Millions of people around the world are affected by Alzheimer's disease, but the disease remains to be a mysterious one.

"In the Alzheimer brain what are the microbes that matter, what are the microbes that trigger the plaque?"

"I don't think we can answer whether herpes viruses are a primary cause of Alzheimer's disease". Neuroscientist Keith Fargo of the Alzheimer's Association, not involved in the research, tells Rosenbaum that a lot of genetic factors are also at play in the disease, and it will take more studies to untangle how immune reactions, genetics and other factors play into its progression.

Readhead says around 90 percent of children in the US and the United Kingdom are exposed to these viruses in the first few years of life.The findings don't prove the viruses cause Alzheimer's, nor do they suggest it's contagious. To evaluate the robustness of their findings, the team incorporated a further 800 RNA sequencing samples collected by the Mayo Clinic and Rush Alzheimer's Disease Center, observing a persistent increase of HHV-6A and HHV-7 abundance in samples from individuals with Alzheimer's, thus replicating their main findings in two additional, independent, geographically dispersed cohorts.

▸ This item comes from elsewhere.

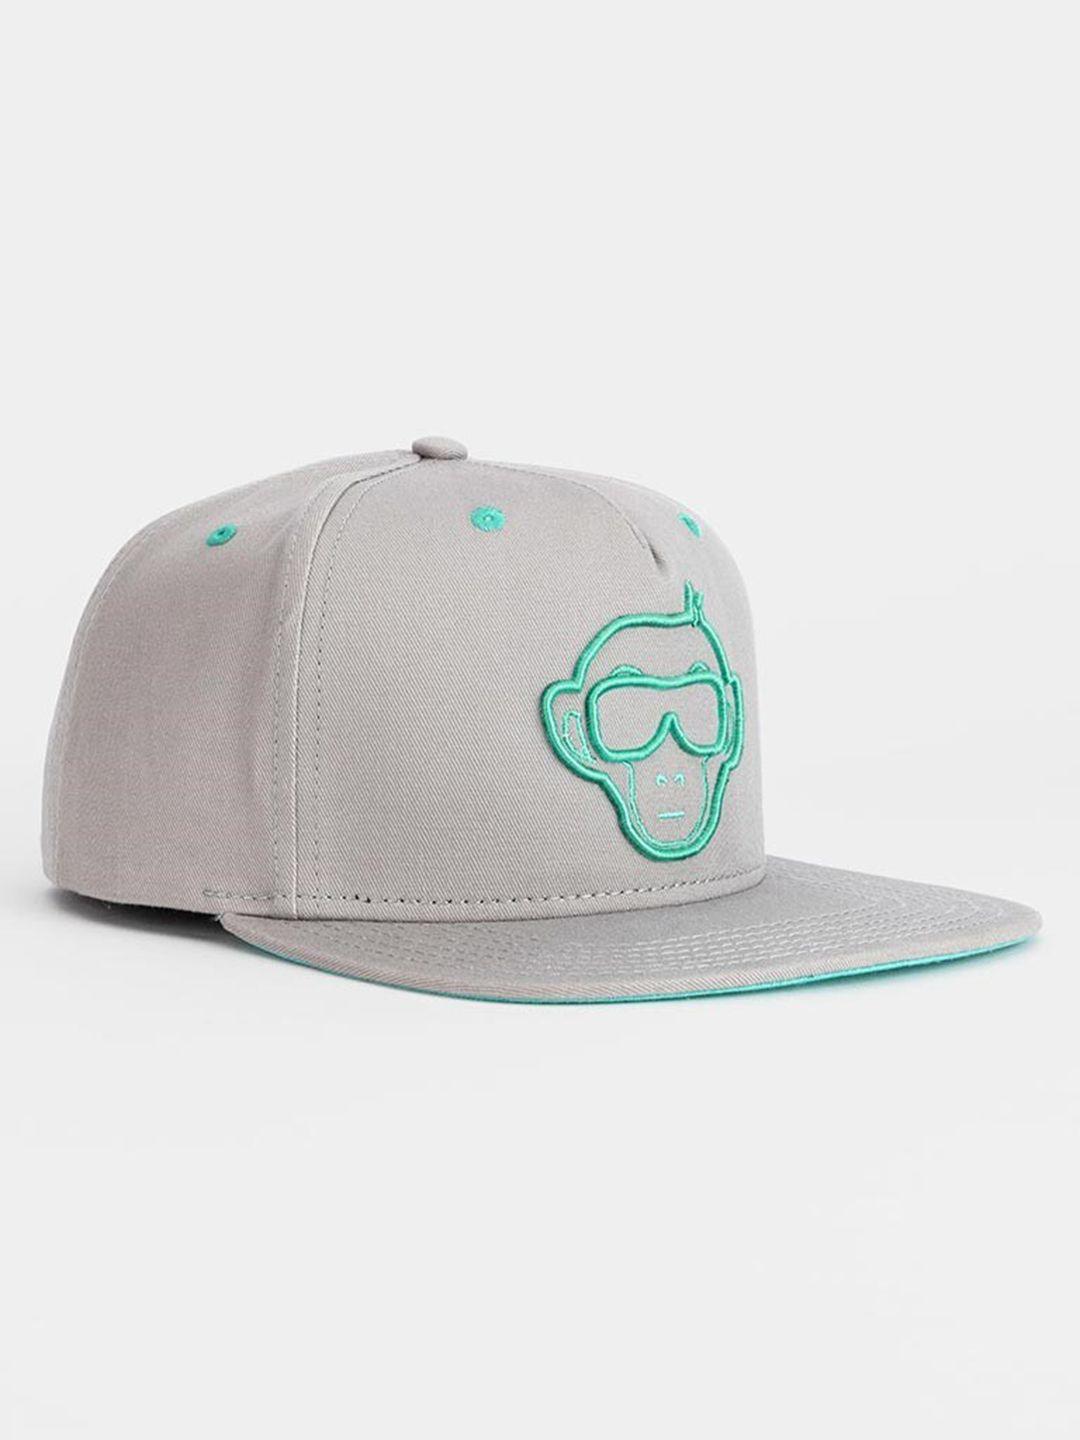 urban monkey unisex embroidered cotton baseball cap

Another possibility is that the two theories are both at work.

"The new study gives the results of a large-scale analysis of data from the post-mortem brain samples of Alzheimer's patients and "control" patients with normal brain function".

The study is by no means conclusive evidence that the viruses cause Alzheimer's. The findings could change how scientists look for ways to treat or prevent Alzheimer's.

Readhead said that there is a need for more research to determine the extent to which the viruses are involved in causing the disease. HSV-1 for example - one that causes cold sores - has been studied in neurodegenerative diseases. Rather, the findings show viral DNA sequences and activation of biological networks - the interrelated systems of DNA, RNA, proteins and metabolites - may interact with molecular, genetic and clinical aspects of Alzheimer's.

To their surprise, they found many interactions, suggesting that these viruses can switch on or odd the genes related to Alzheimer's.

"All these Alzheimer's brains in these separate, major brain banks have previously unsuspected substantial populations of herpesvirus genomes and that deserves an explanation wherever it falls in the pathogenesis", Gandy said.